» **Assignment**: In the entries that follow, repeat exactly the lines from the one that has "WE VE THOUGHT" through the one that has "Cute-looking cheese packet", but omit pictures.

Task inputs Start Marker

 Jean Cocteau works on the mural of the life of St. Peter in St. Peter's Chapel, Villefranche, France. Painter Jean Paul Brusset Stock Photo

Task inputs End Marker
Task inputs Start Marker

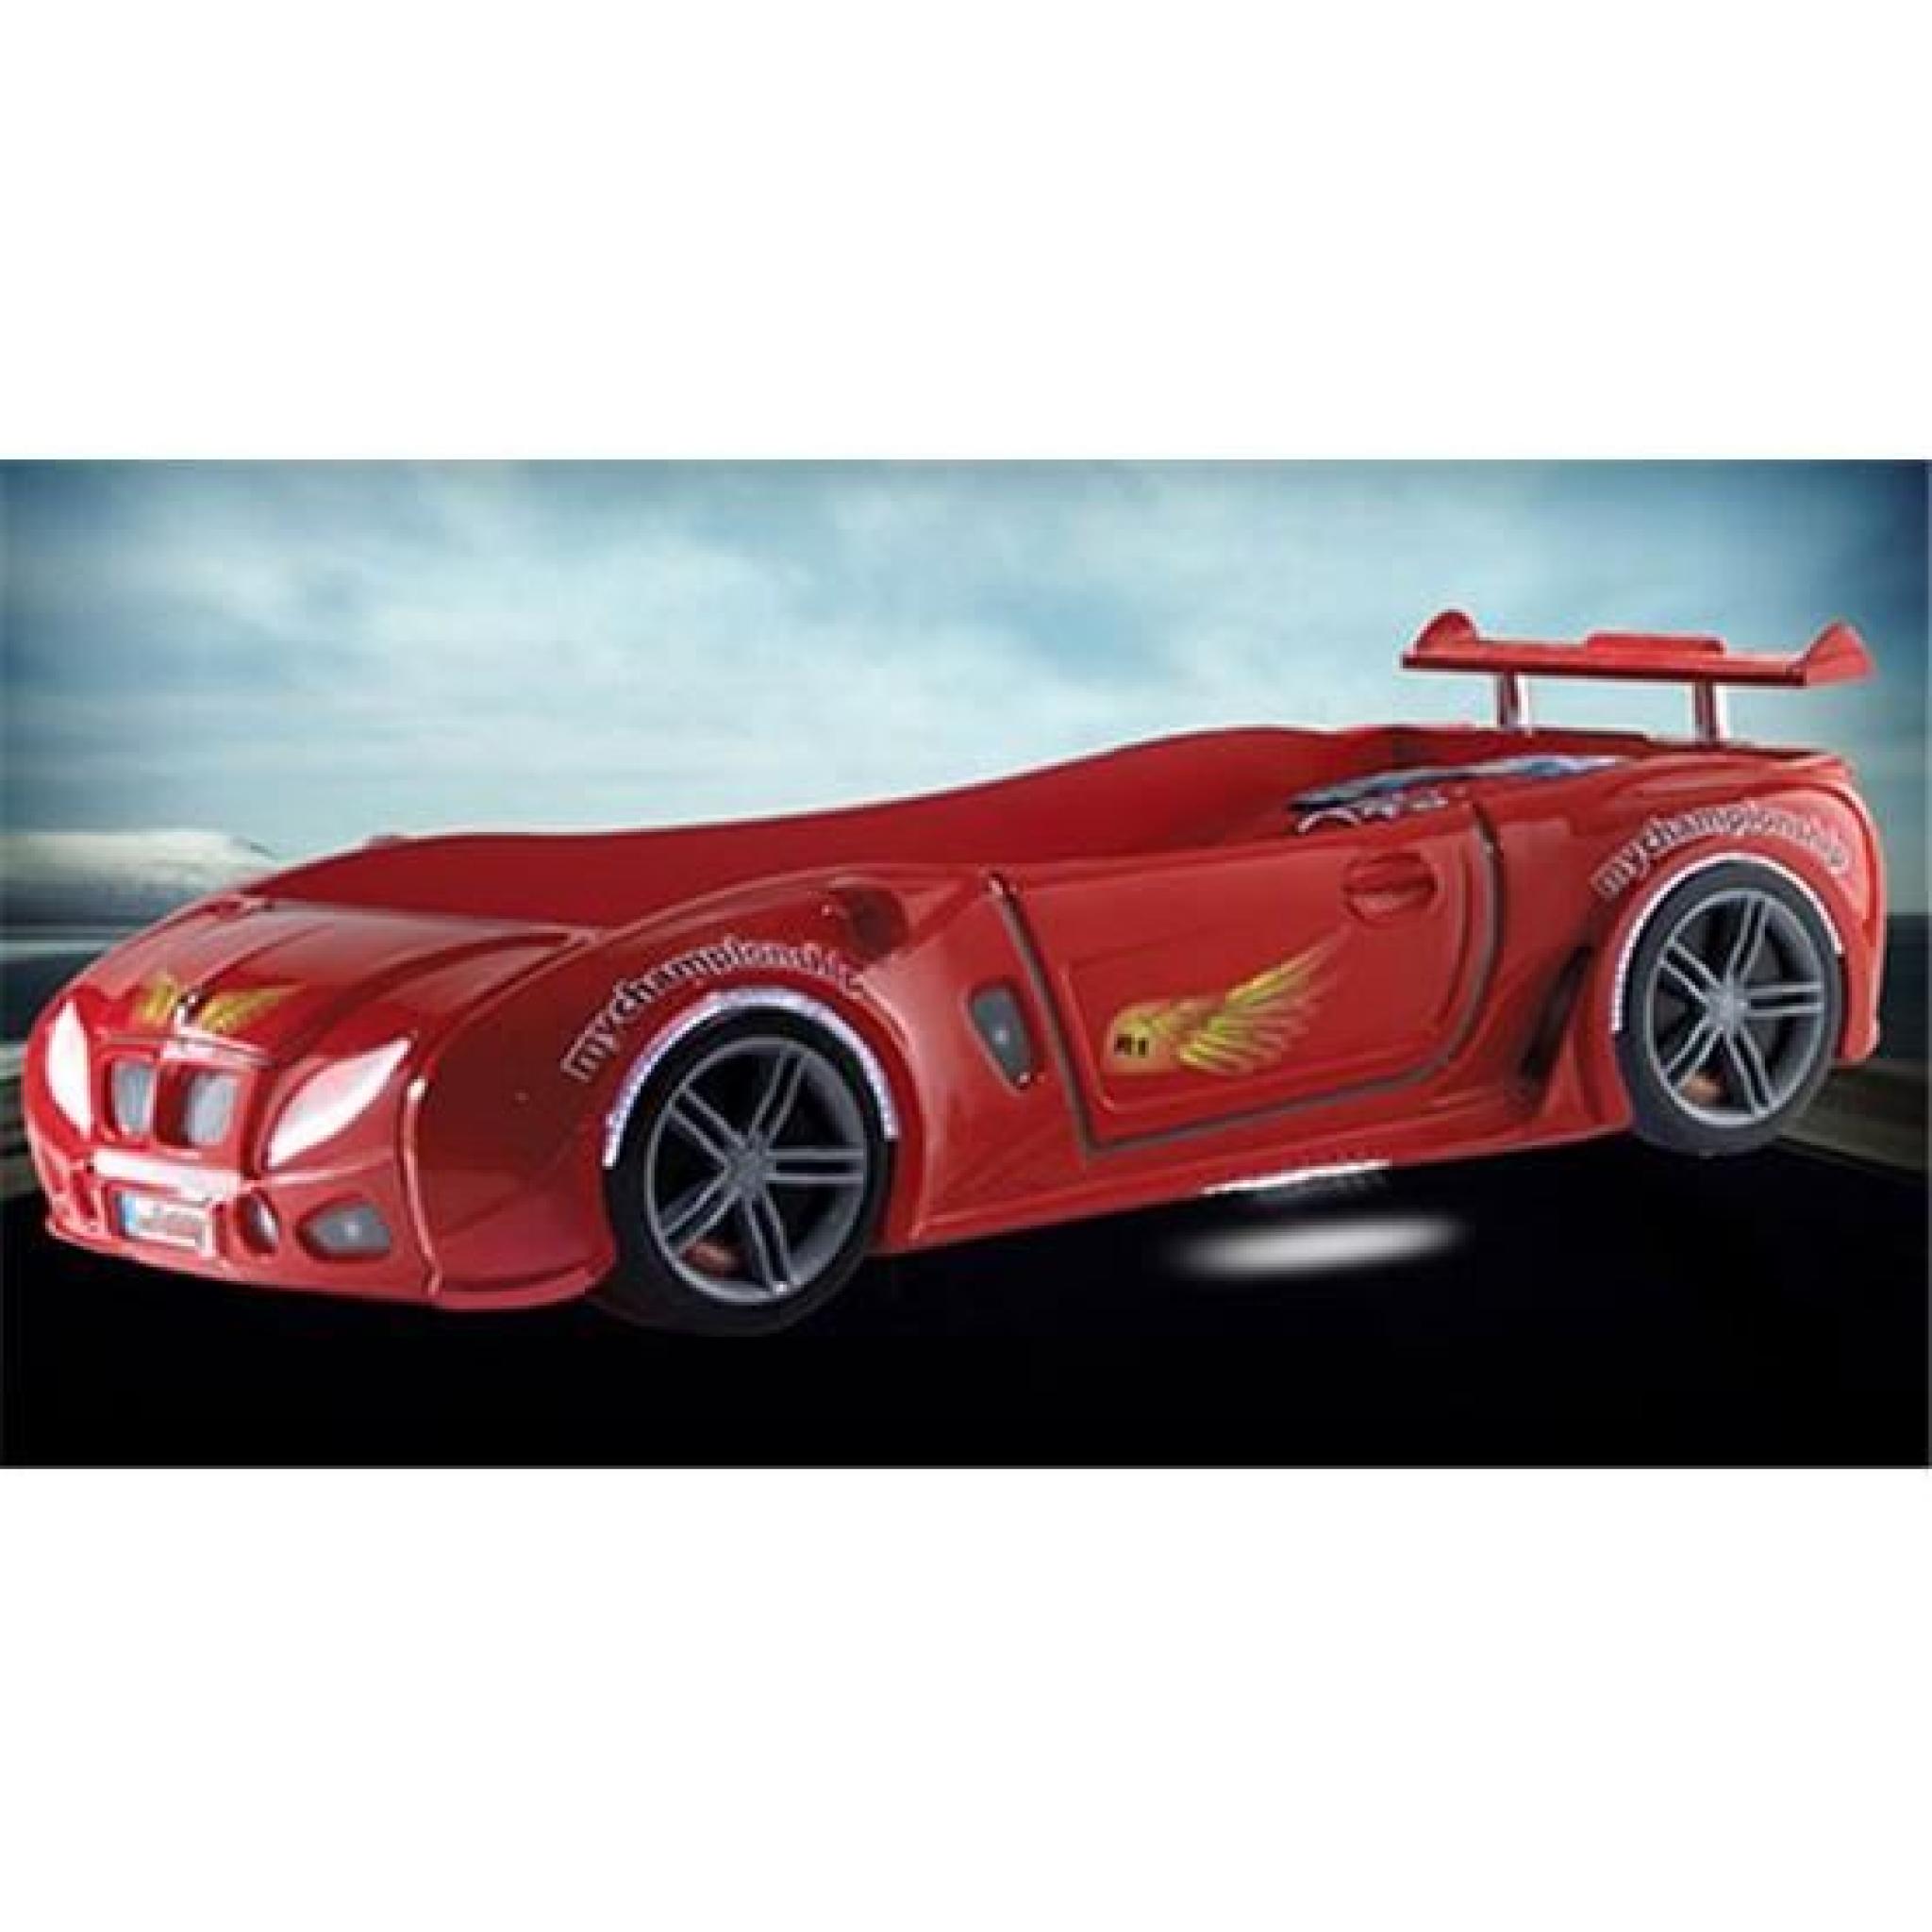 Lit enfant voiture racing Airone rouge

Task inputs End Marker
Task inputs Start Marker

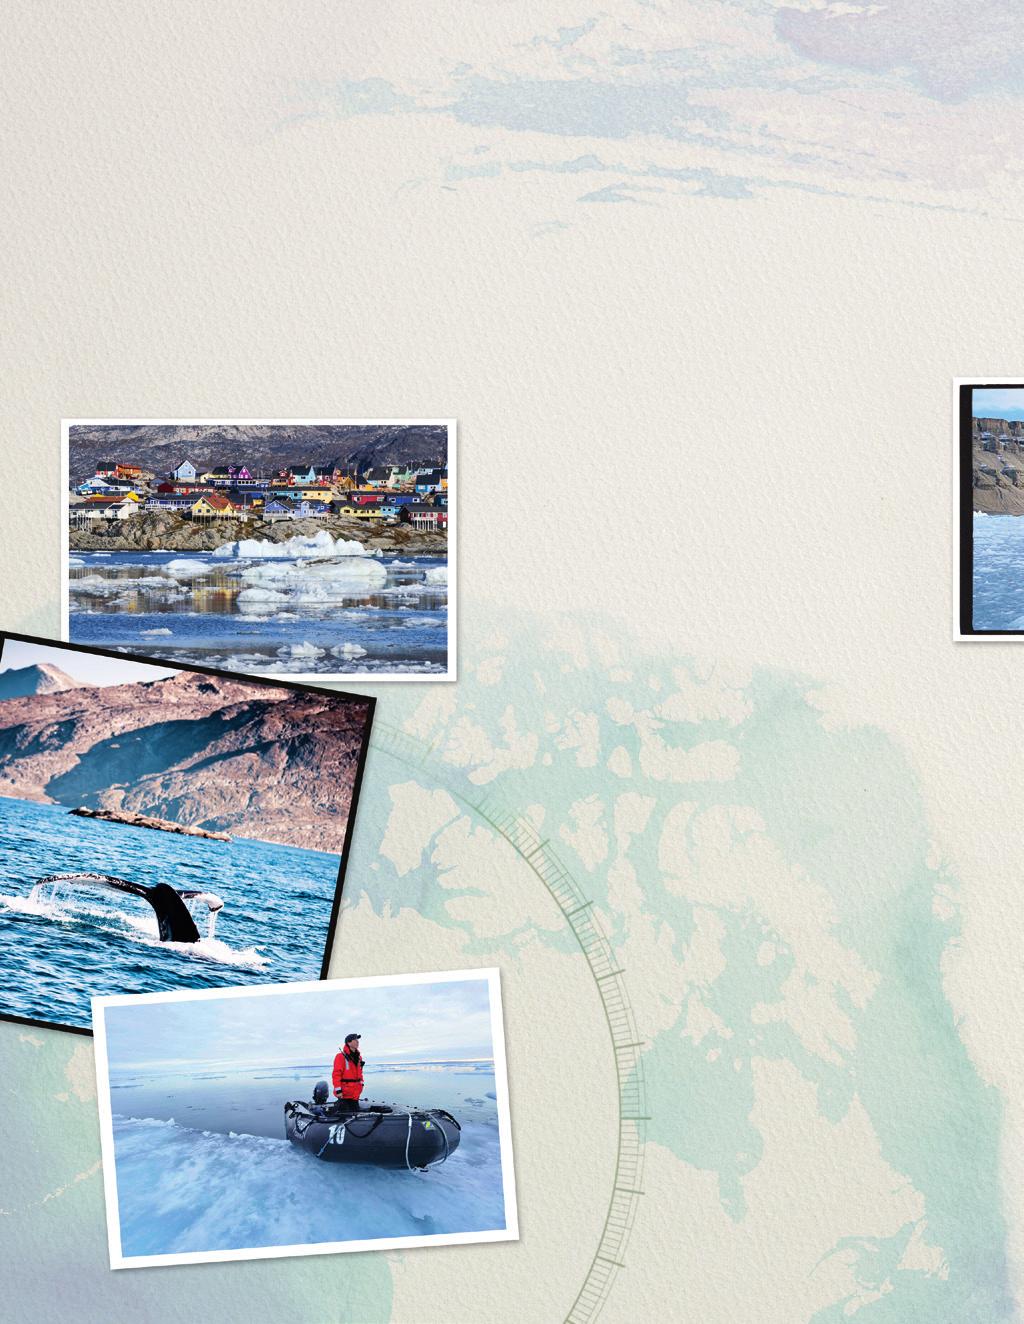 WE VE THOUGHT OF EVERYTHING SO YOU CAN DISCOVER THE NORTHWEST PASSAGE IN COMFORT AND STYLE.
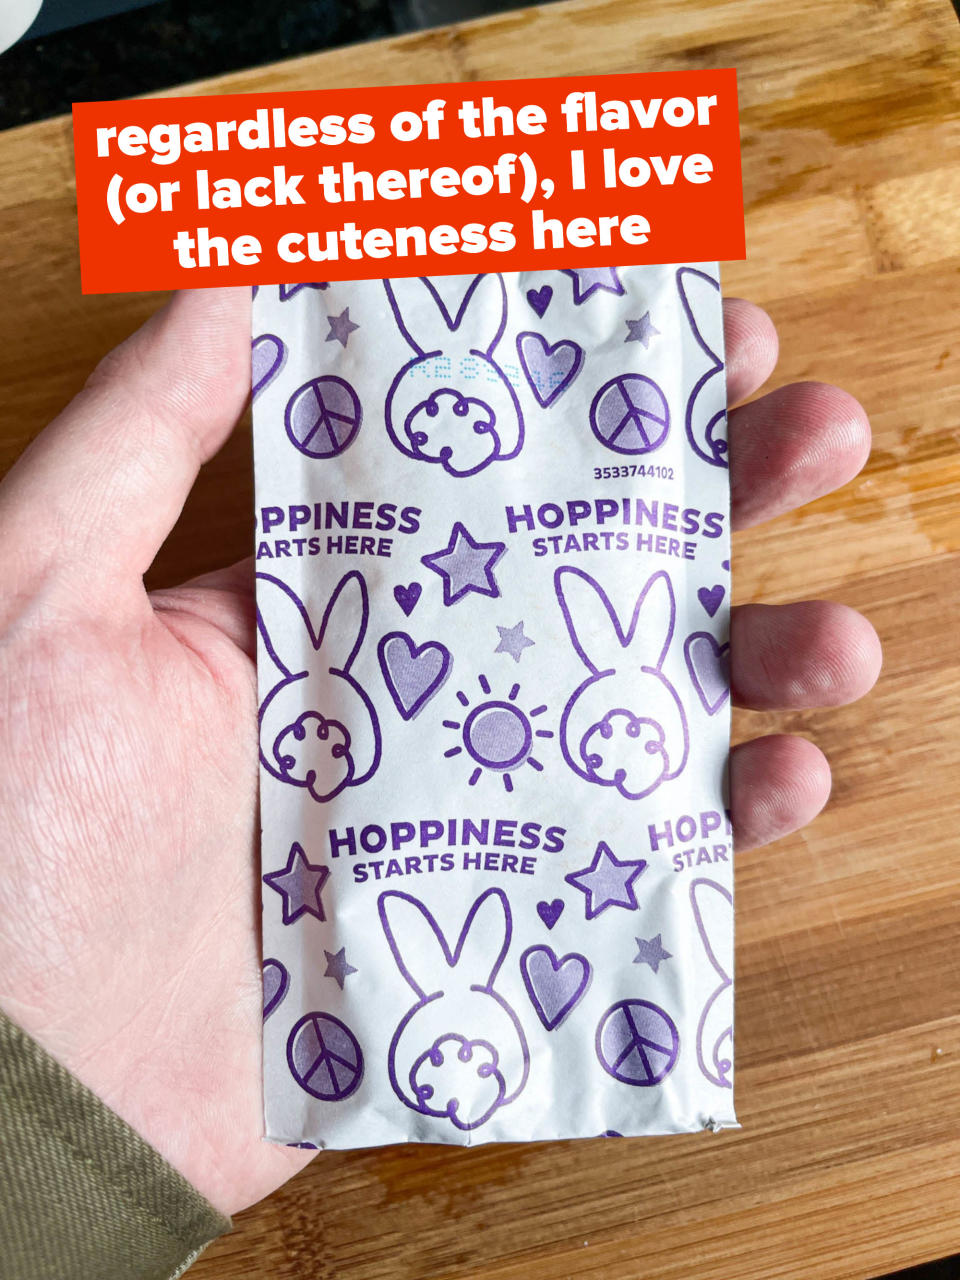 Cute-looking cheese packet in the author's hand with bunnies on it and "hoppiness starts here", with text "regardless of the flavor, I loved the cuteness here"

Task inputs End Marker

» **Task response**:
 WE VE THOUGHT OF EVERYTHING SO YOU CAN DISCOVER THE NORTHWEST PASSAGE IN COMFORT AND STYLE.
 Cute-looking cheese packet in the author's hand with bunnies on it and "hoppiness starts here", with text "regardless of the flavor, I loved the cuteness here"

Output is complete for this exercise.